____ DATASET SECTION

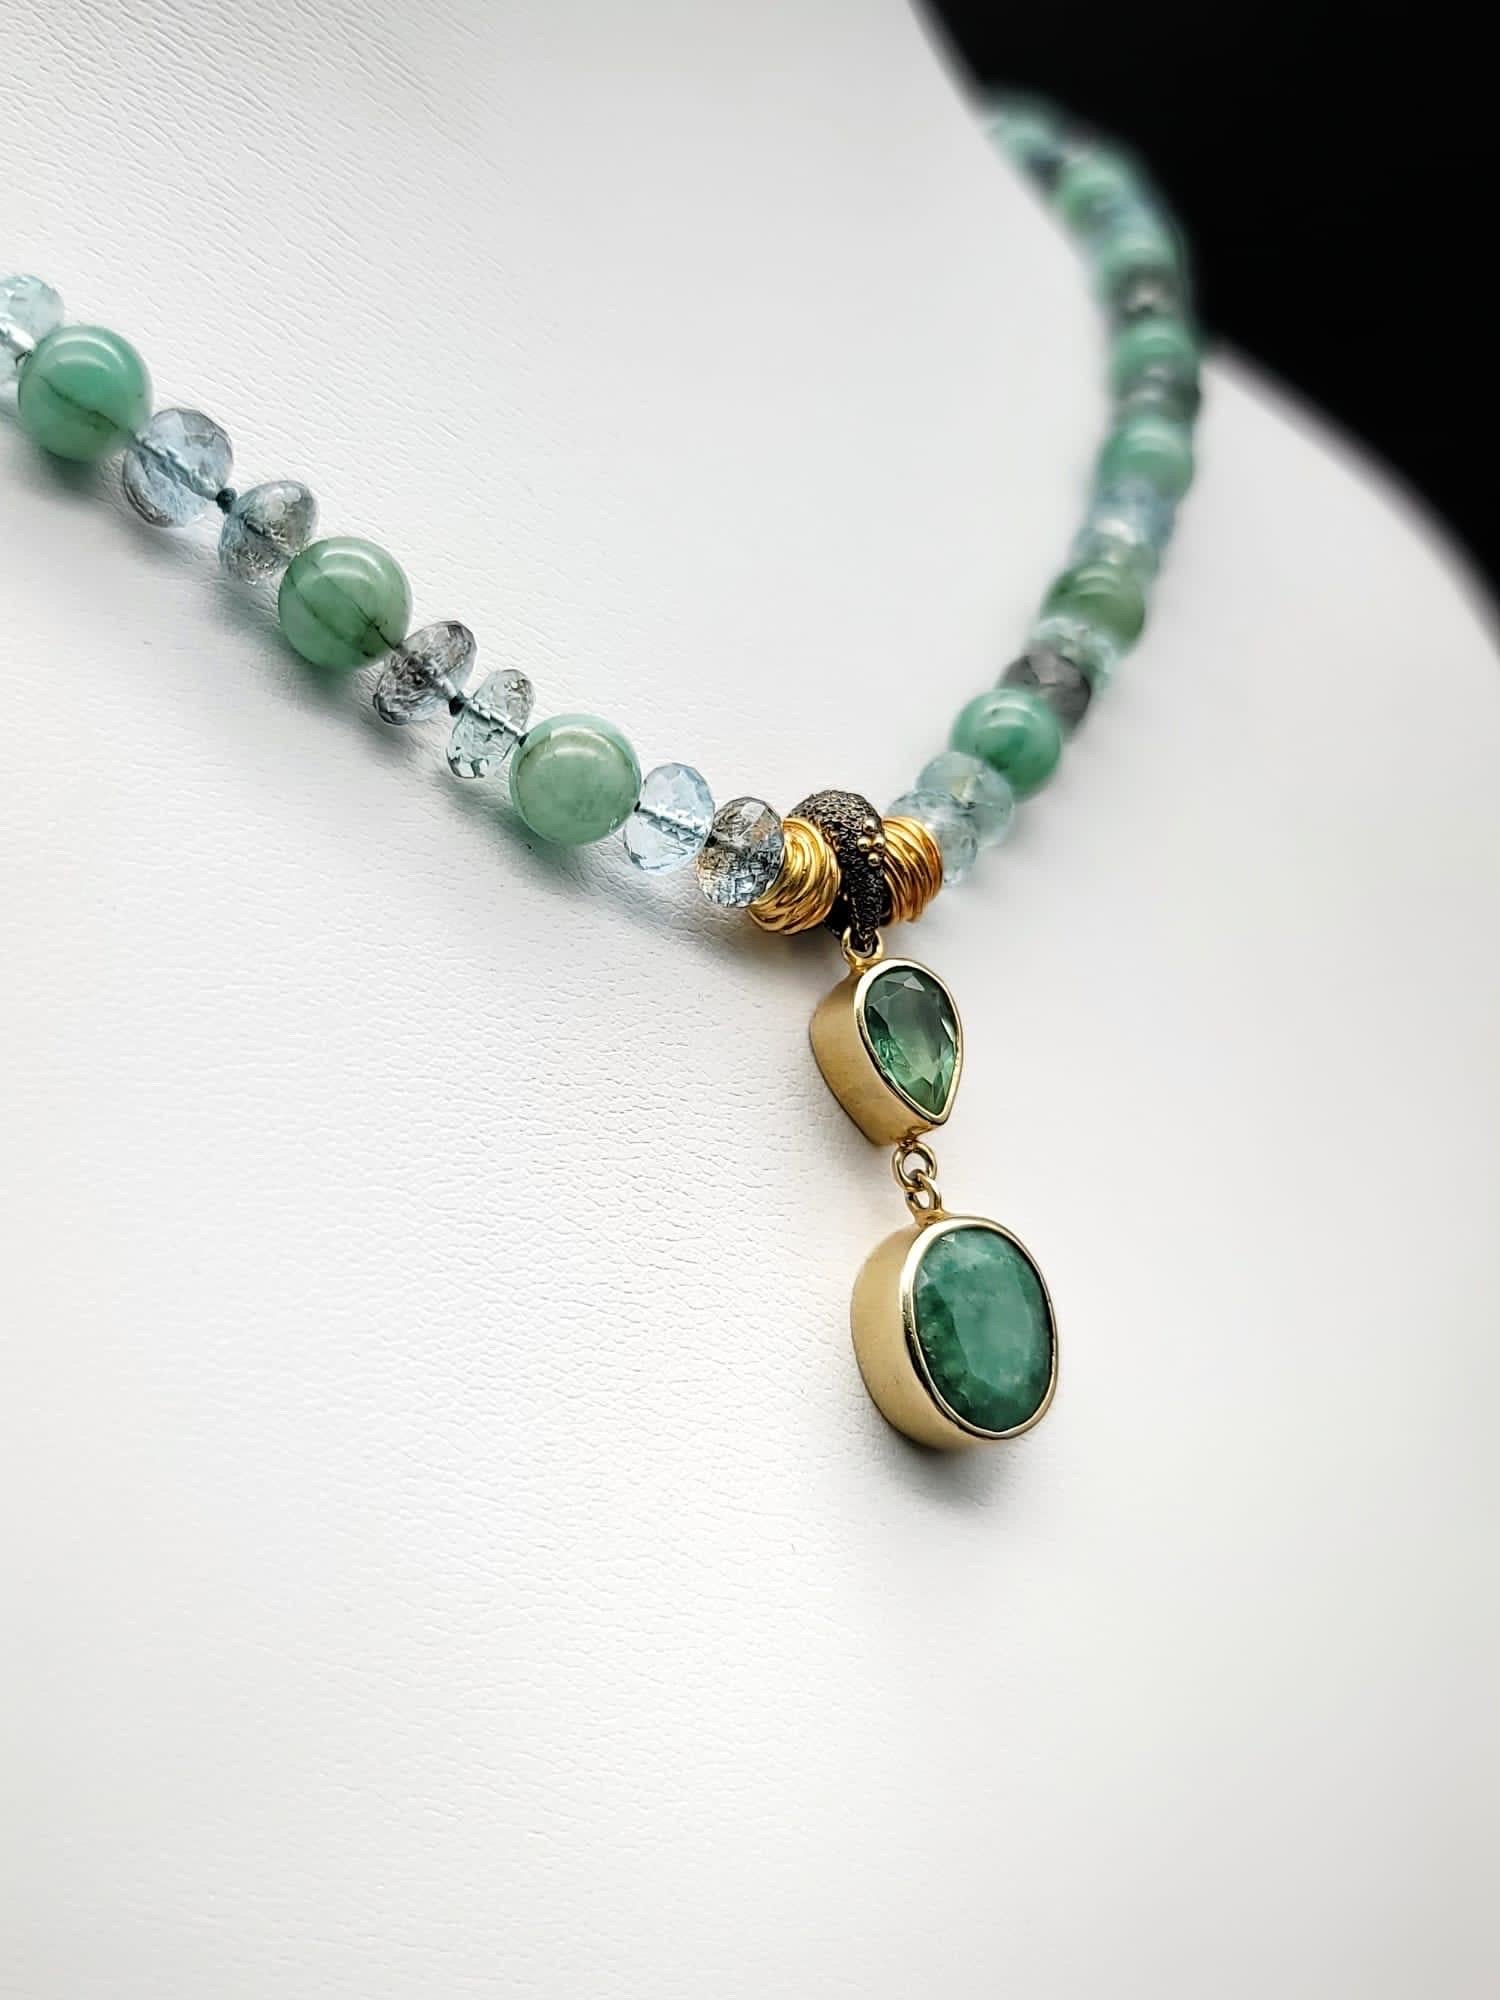 Women's A.Jeschel Emerald pendant and Aquamarine necklace.
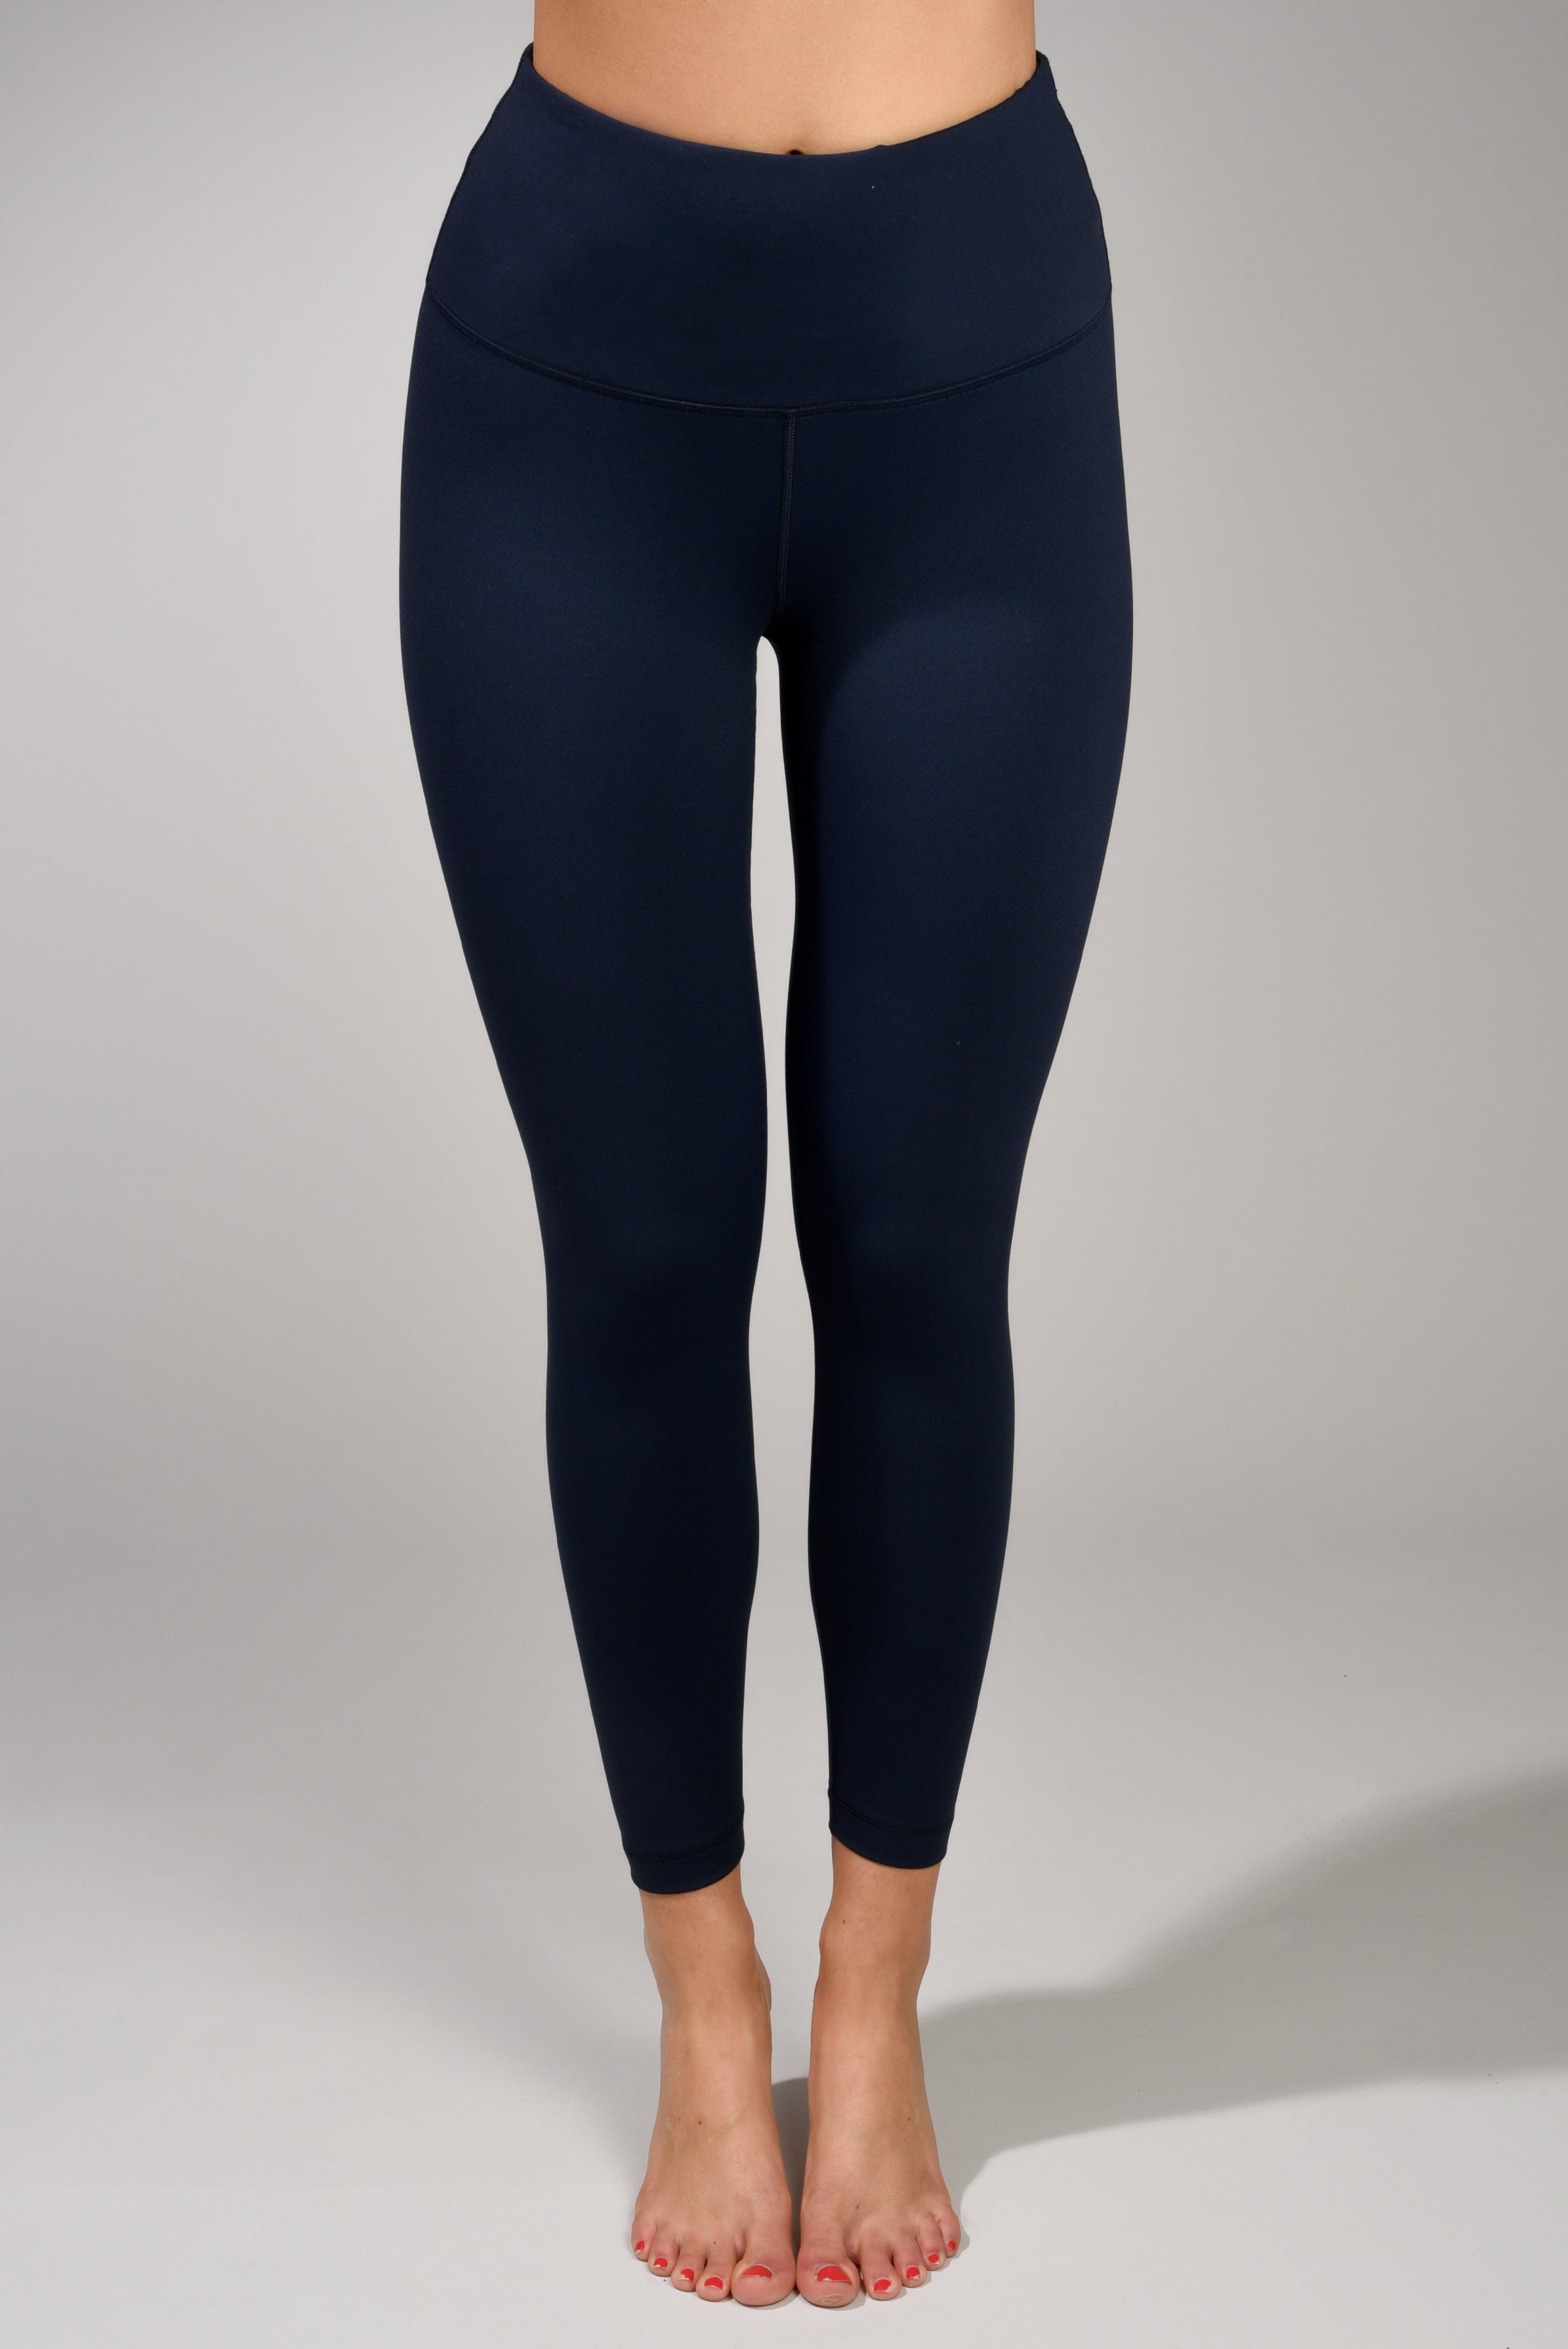 Latex Leggings - Just wow 😍 Rate 1-10! Glossy spandex leggings at link in  bio! 🔍Search for: Glam Girl Glossy Spandex High Waist Leggings  https://www.lalelook.com/product/glam-girl-glossy-spandex-high-waist- leggings/ @fainka.mmmi | Facebook
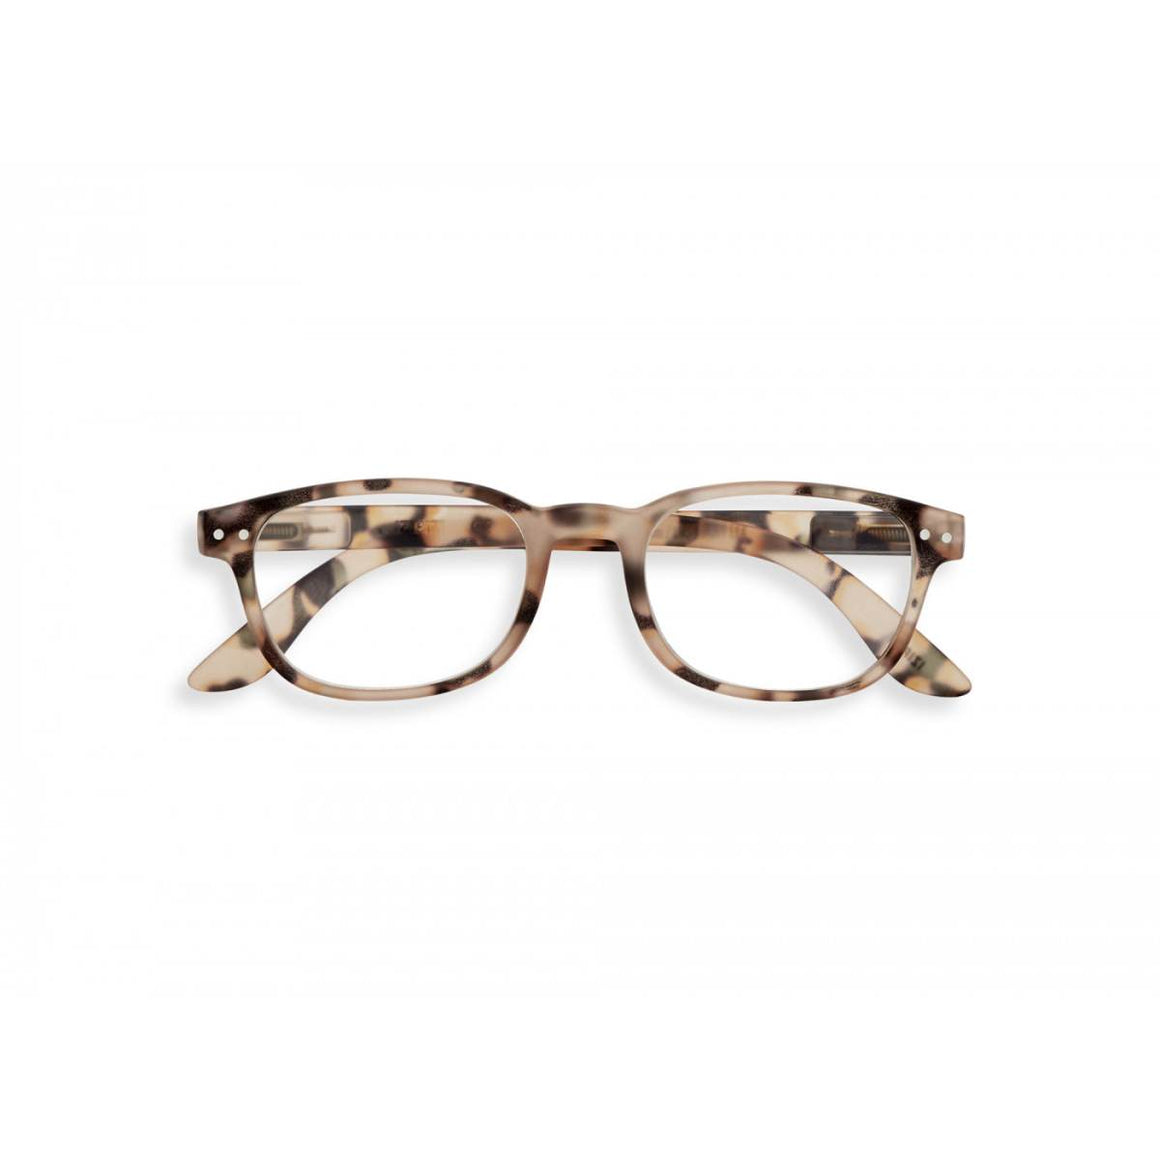 A pair of magnifying reading glasses. The frames are an elegant, classic, rectangular shape in a mottled light tortoise shell finish.
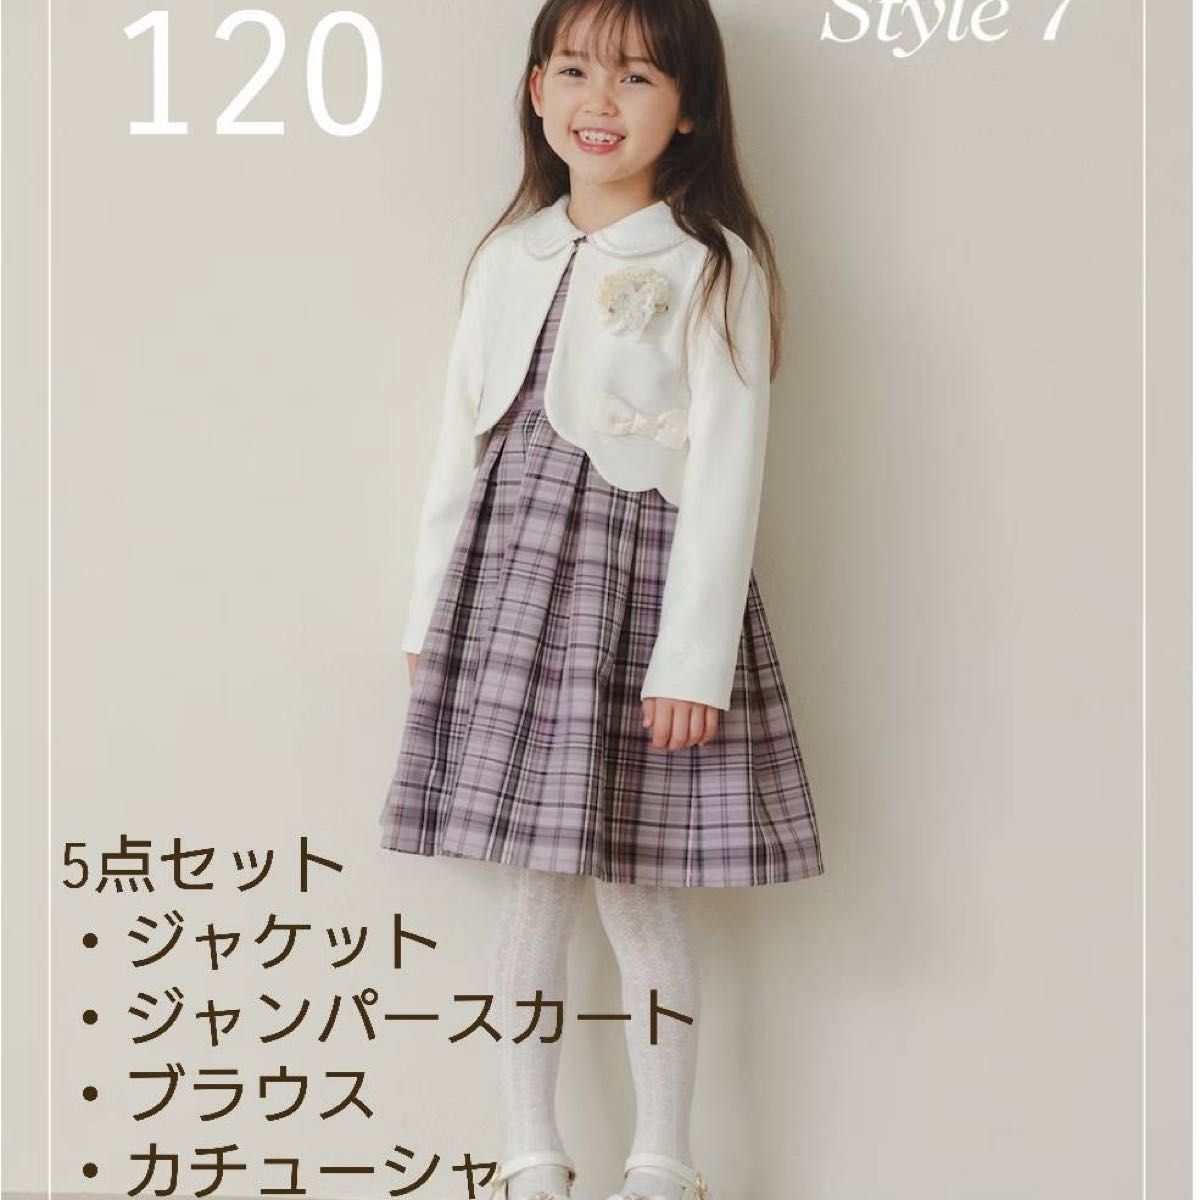 【anyFAM】卒園式 入学式 セレモニー 5点セット 120 女の子

________

◆ **AIM OF THE TASK**: From the material above, write out exactly the lines from the line with "A pair of magnifying" through the closing line, inclusive, and no pictures.

◆ **WRITTEN RESPONSE**:
 A pair of magnifying reading glasses. The frames are an elegant, classic, rectangular shape in a mottled light tortoise shell finish.
 【anyFAM】卒園式 入学式 セレモニー 5点セット 120 女の子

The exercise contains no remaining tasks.